An asset-based alternative Featured

8:00pm EDT May 15, 2006
Asset-based loans are one of many working capital financial tools available to business owners — and they aren’t just for companies “in trouble.” This might surprise executives of the old guard, who tag the asset-based structure as a Band-Aid for unprofitable companies.

“Some business owners will still think of asset-based loans and lending for the guy that doesn’t have enough equity in his company and doesn’t have enough money,” says Everett Orrick, Orange Country regional manager for Comerica Bank.

Traditionally, asset-based loans have been a fit for business owners in promising turnaround situations, as well as manufacturing operations in growth mode. But these loans can also build in much-needed checks and balances — not to mention some elbowroom when negotiating with the bank. You could eliminate a personal guarantee, secure more credit or even get better pricing on an asset-backed loan as opposed to a traditional line of credit.

Describe how asset-based loans work.
Asset-based loans allow businesses to secure a working capital line of credit with an advanced rate based on assets, including accounts receivables and inventory. For example, if you are a distributor of paper supplies and the bank gives you a $10 million credit line, it will lend you only 80 percent of your accounts receivables on any given day, and 60 percent based on your inventory. You produce a borrowing base certificate for the bank on a daily, weekly or monthly basis, depending on your credit risk. This form lists a number of variables, including accounts receivable and inventory levels. Based on that information, the bank will determine how much it will lend to that business on a given day.

Why are these loans valuable for rapidly growing businesses?
Asset-based loans can help growing companies close the gap between paying vendors to get supplies and collecting accounts receivables from customers. This is especially helpful for those rapidly growing companies in the manufacturing and distribution sectors.
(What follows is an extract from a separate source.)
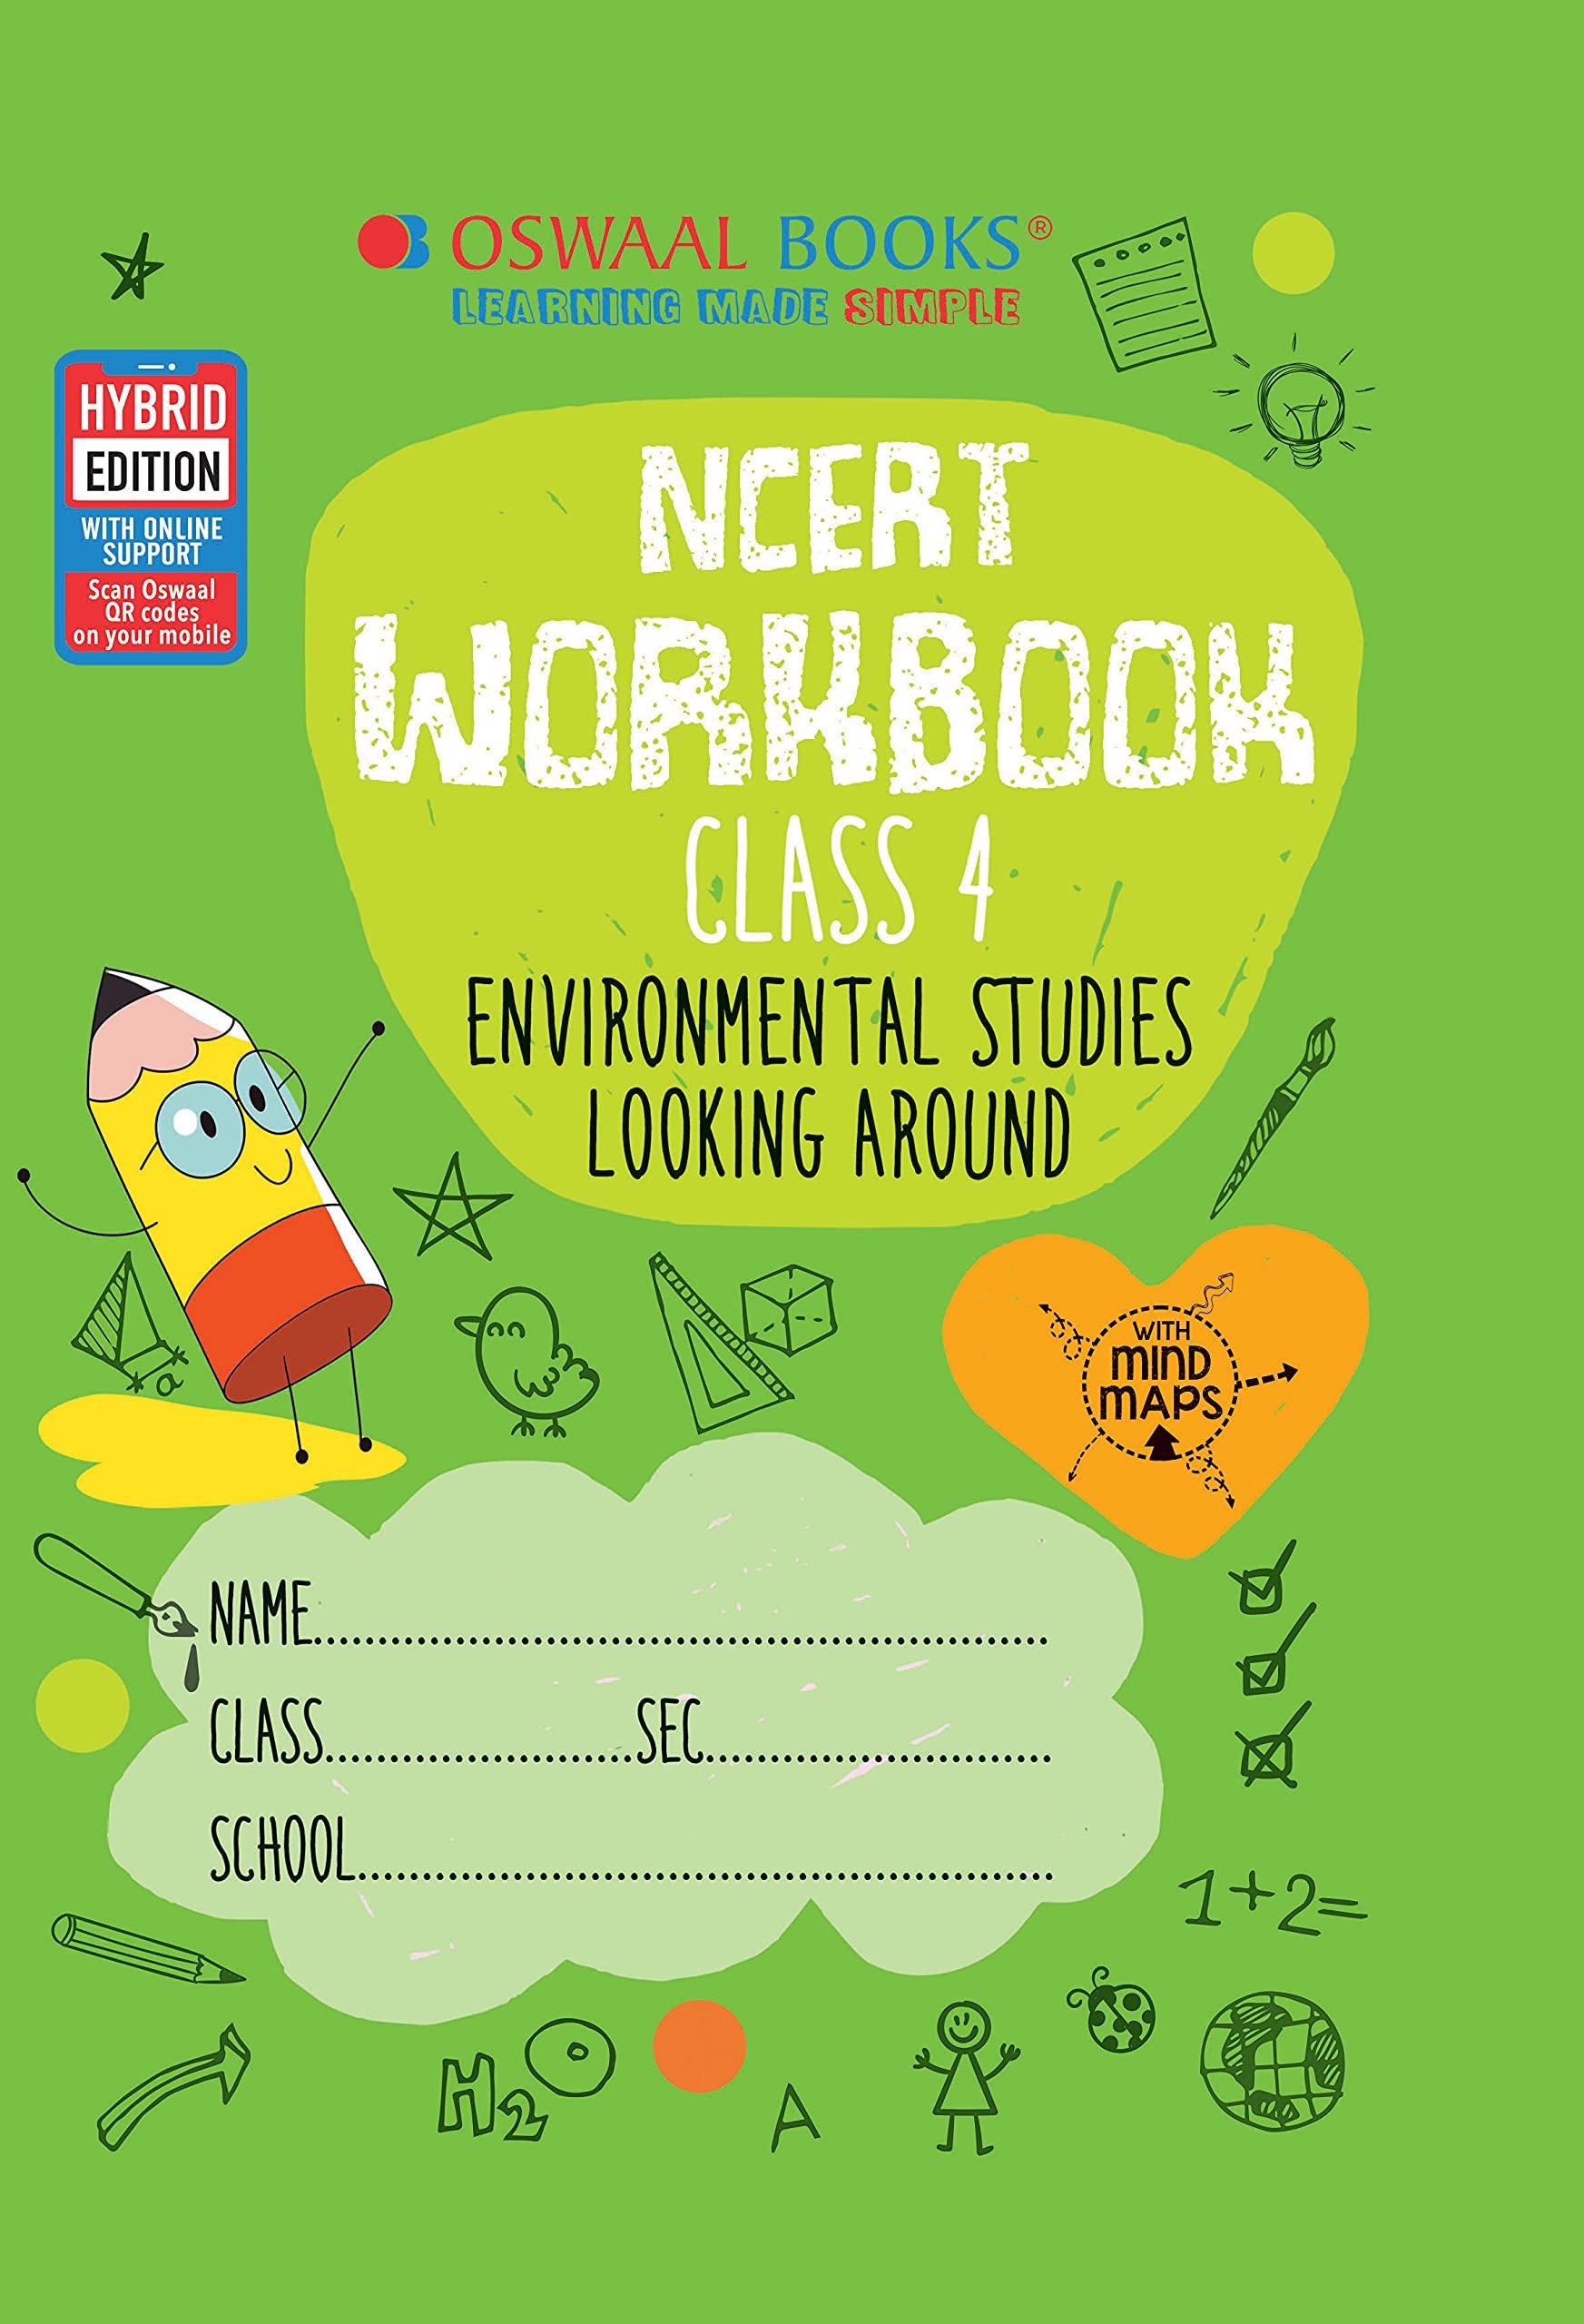 Oswaal NCERT Workbook Class 4, Environmental Studies (For 2022 Exam)

Let’s say the company has high equity and a healthy balance sheet. The company is growing, and every dollar in sales the company adds requires additional working capital. In other words, when that paper supplier takes another order from a customer, it has to pay a vendor to get the supplies so it can fulfill that order. It pays the supplier long before it collects from the customer.

Usually, vendors must be paid immediately or at least within 30 days. Customers probably pay between 60 and 90 days — maybe 30 days if they really rely on your services. With an average 60 days on receivables, that means the company gets paid one month after it pays its suppliers. The more a company sells, the larger the gap between payables and receivables. Asset-based loans can help companies bridge that gap so they can continue to grow and stabilize their cash flow.

Who else is an ideal candidate for an asset-backed loan?
Many businesses benefit from the tighter controls banks enforce when they extend asset-based loans. For example, if you are busy on the sales and marketing side of your business and you want to have more checks and balances on how your financial team manages your assets and liabilities, this type of loan is that check and balance. Your bank won’t lend you more than 80 percent on receivables and an agreed-upon percent on your inventory. That is a control. If your inventory grows too rapidly, the bank will say, ‘You are over-advanced. How will you fix it?’

Also, business owners who overlook asset-based loans miss out on an opportunity to eliminate one thing most everyone dislikes: the personal guarantee on the debt they owe the bank. In return for giving the bank more comfort (because asset-based loans allow them more control and less risk), a lender may consider trading an asset-based structure for that personal guarantee. Or a lender may give you a larger line, but only if you elect an asset-based structure.

What is the difference between an asset-based loan from a bank and a similar arrangement with a factor or finance company?
Those companies really only lend to very highly leveraged businesses or turnaround companies, and they use this asset-based tool. But some finance companies tend to have higher rates and waiver fees. It’s really important not to confuse asset-based loans from banks and finance companies. Banks can provide a similar structure as the finance companies, but the rates and fees are negotiable because banks place high value on the customer relationship.

Many business owners do not realize their banks offer asset-based loans — and many smaller, regional banks don’t have the back-shop support to adequately monitor this structure. Larger financial institutions with a national reach often can support and offer asset-based loans to their customers.